In your copy, leave out the pictures and output only the lines from the one holding "Farmhouse Totes Makeover" through the end of the data below, exactly.
(GIVEN INFORMATION)
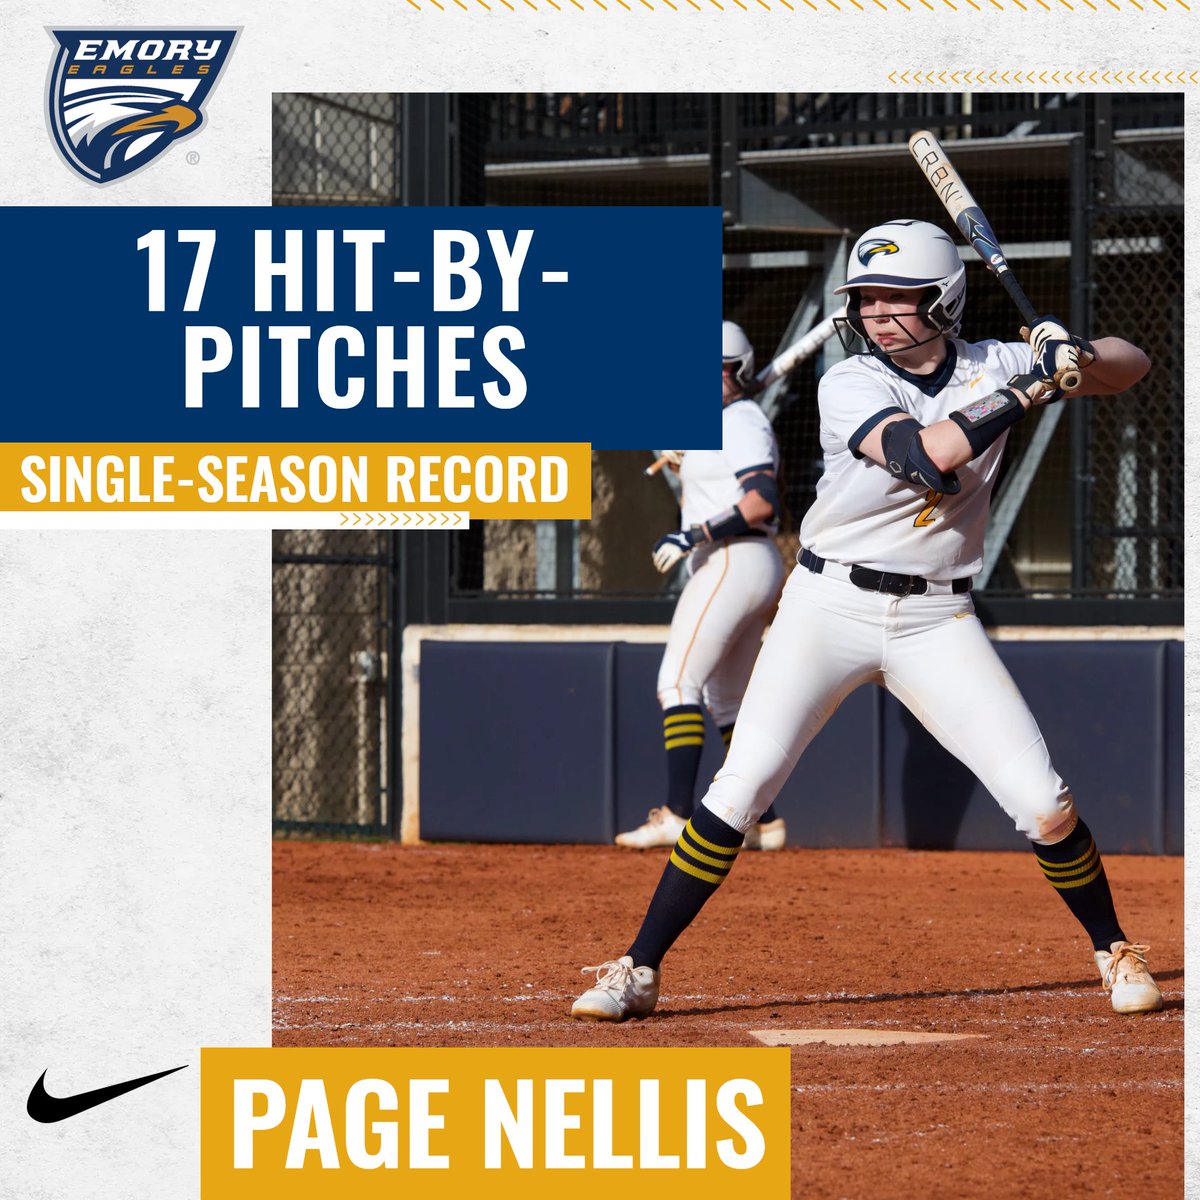 The All-Time HBP Queen strikes again! 👑 Page Nellis breaks her own single-season program record with her 17th hit-by-pitch this afternoon! She also extends her career record to 45! #FlyHigher
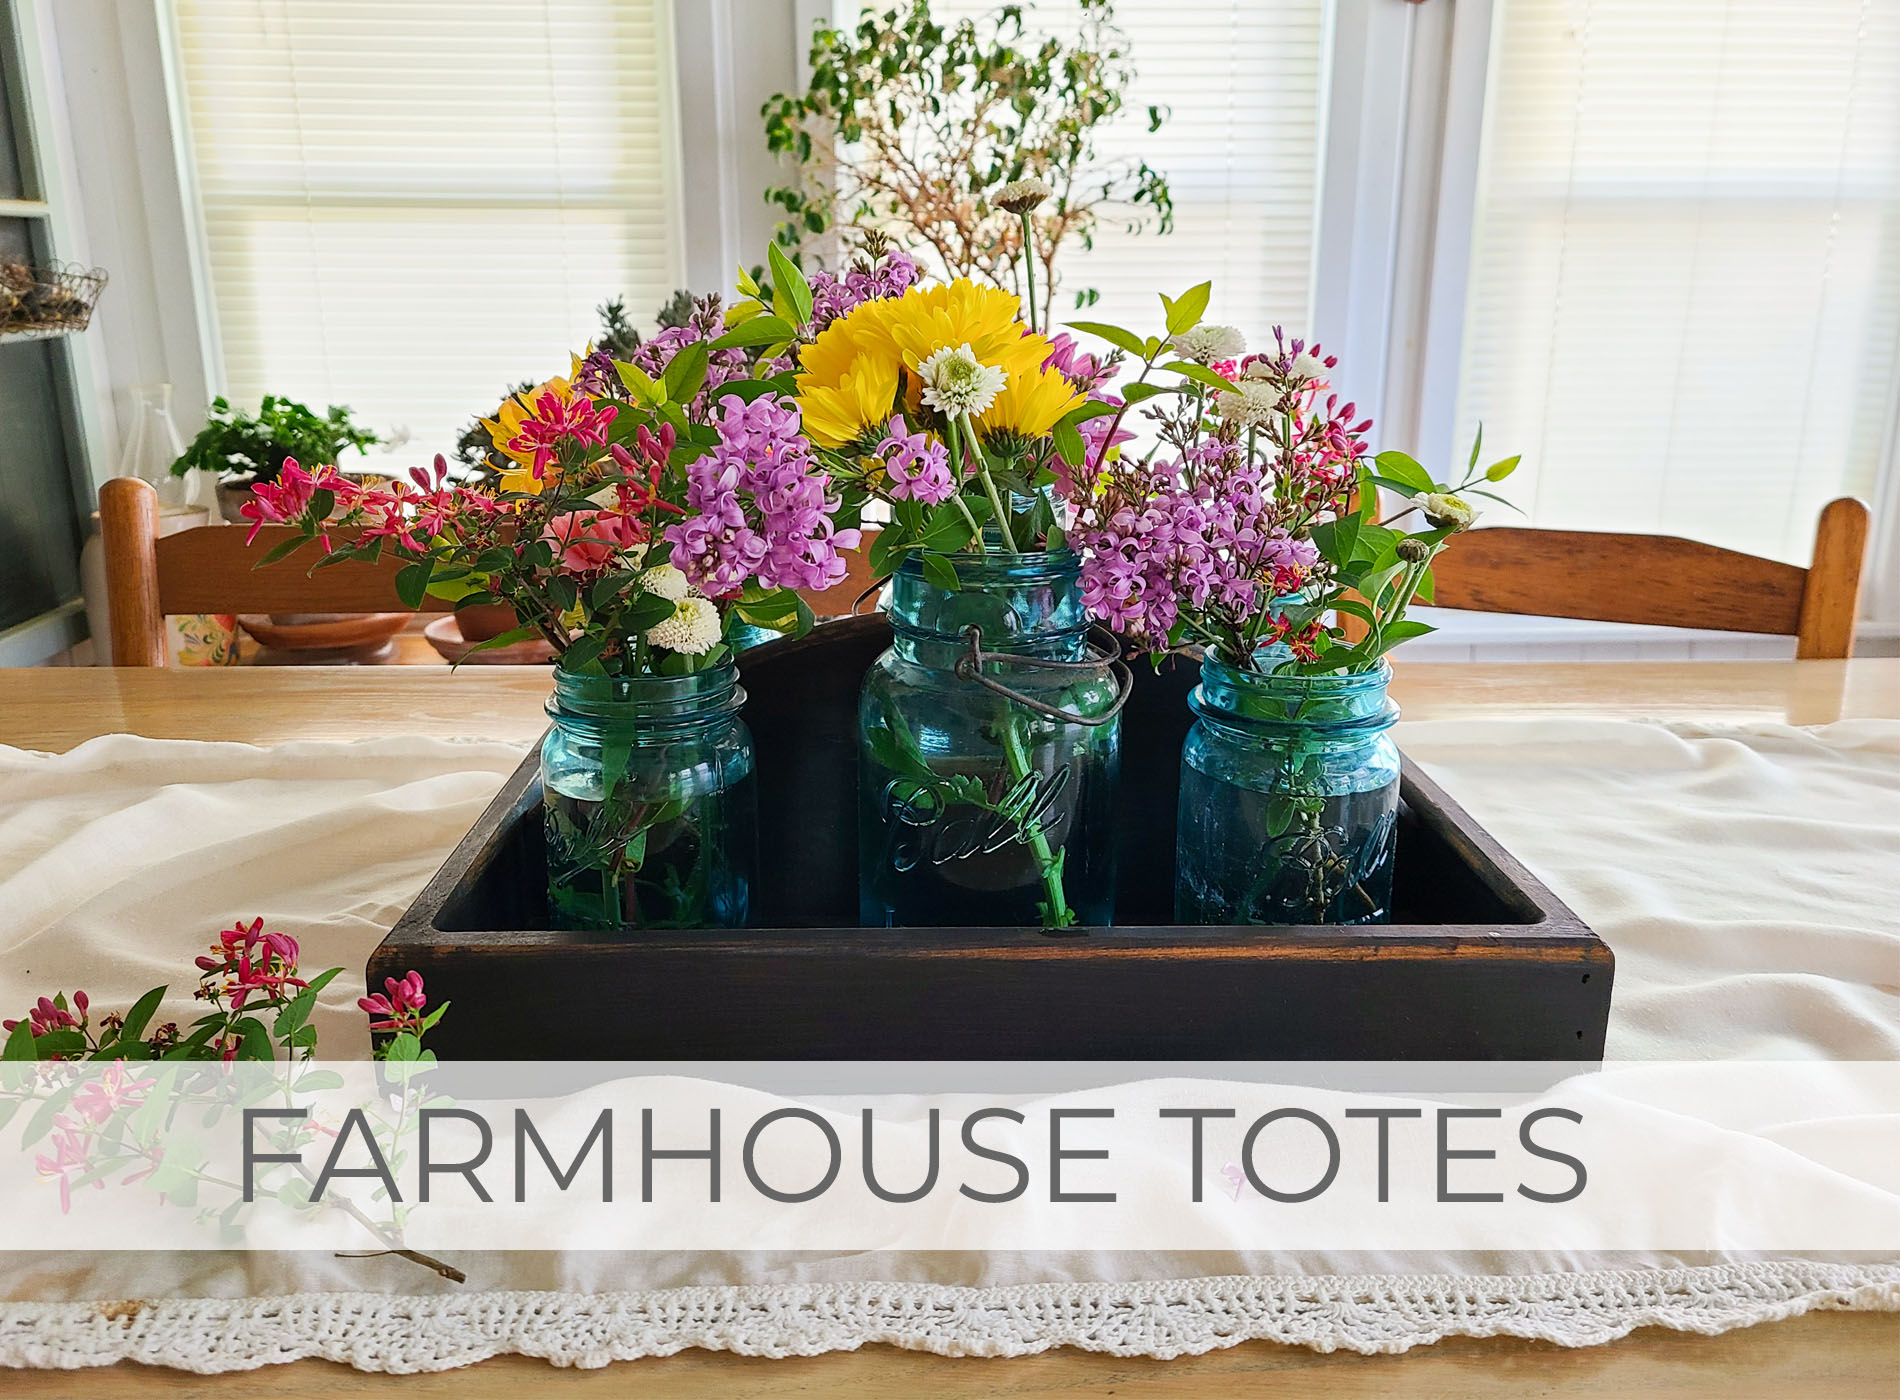 Farmhouse Totes Makeover by Larissa of Prodigal Pieces | prodigalpieces.com #prodigalpieces
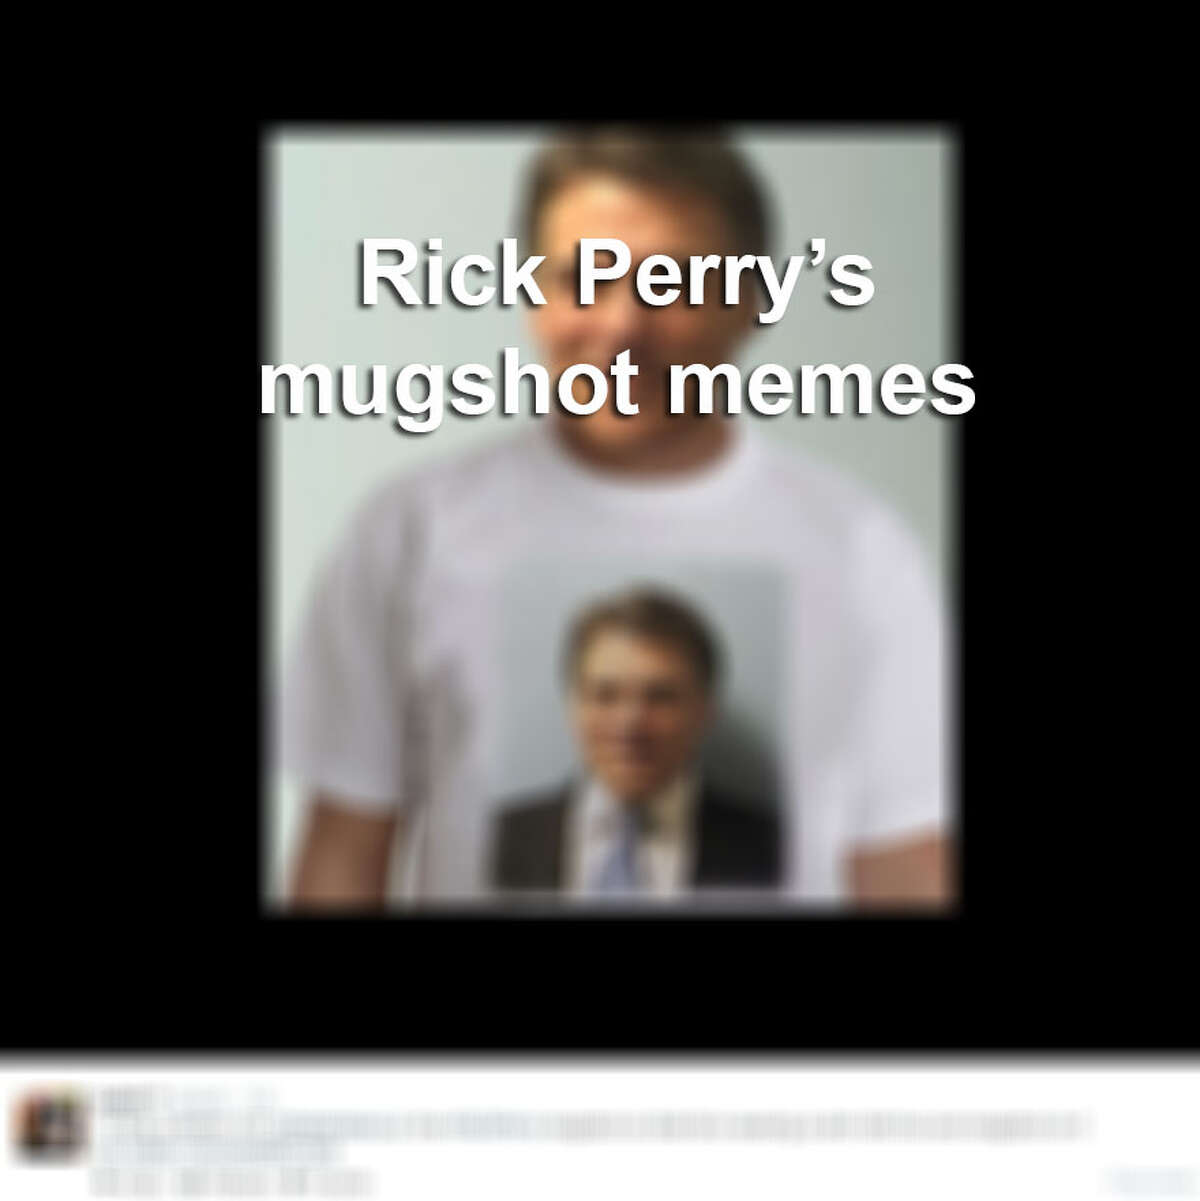 Gov. Rick Perry's mugshot made the rounds on the internet after he was booked on two felony charges in the Travis County Jail on August 15, 2014. We've compiled some of the memes from Perry's mugshot, click ahead to see the best of the best.
(End GIVEN INFORMATION)
#### ANSWER TO THE EXERCISE
 Farmhouse Totes Makeover by Larissa of Prodigal Pieces | prodigalpieces.com #prodigalpieces
 Gov. Rick Perry's mugshot made the rounds on the internet after he was booked on two felony charges in the Travis County Jail on August 15, 2014. We've compiled some of the memes from Perry's mugshot, click ahead to see the best of the best.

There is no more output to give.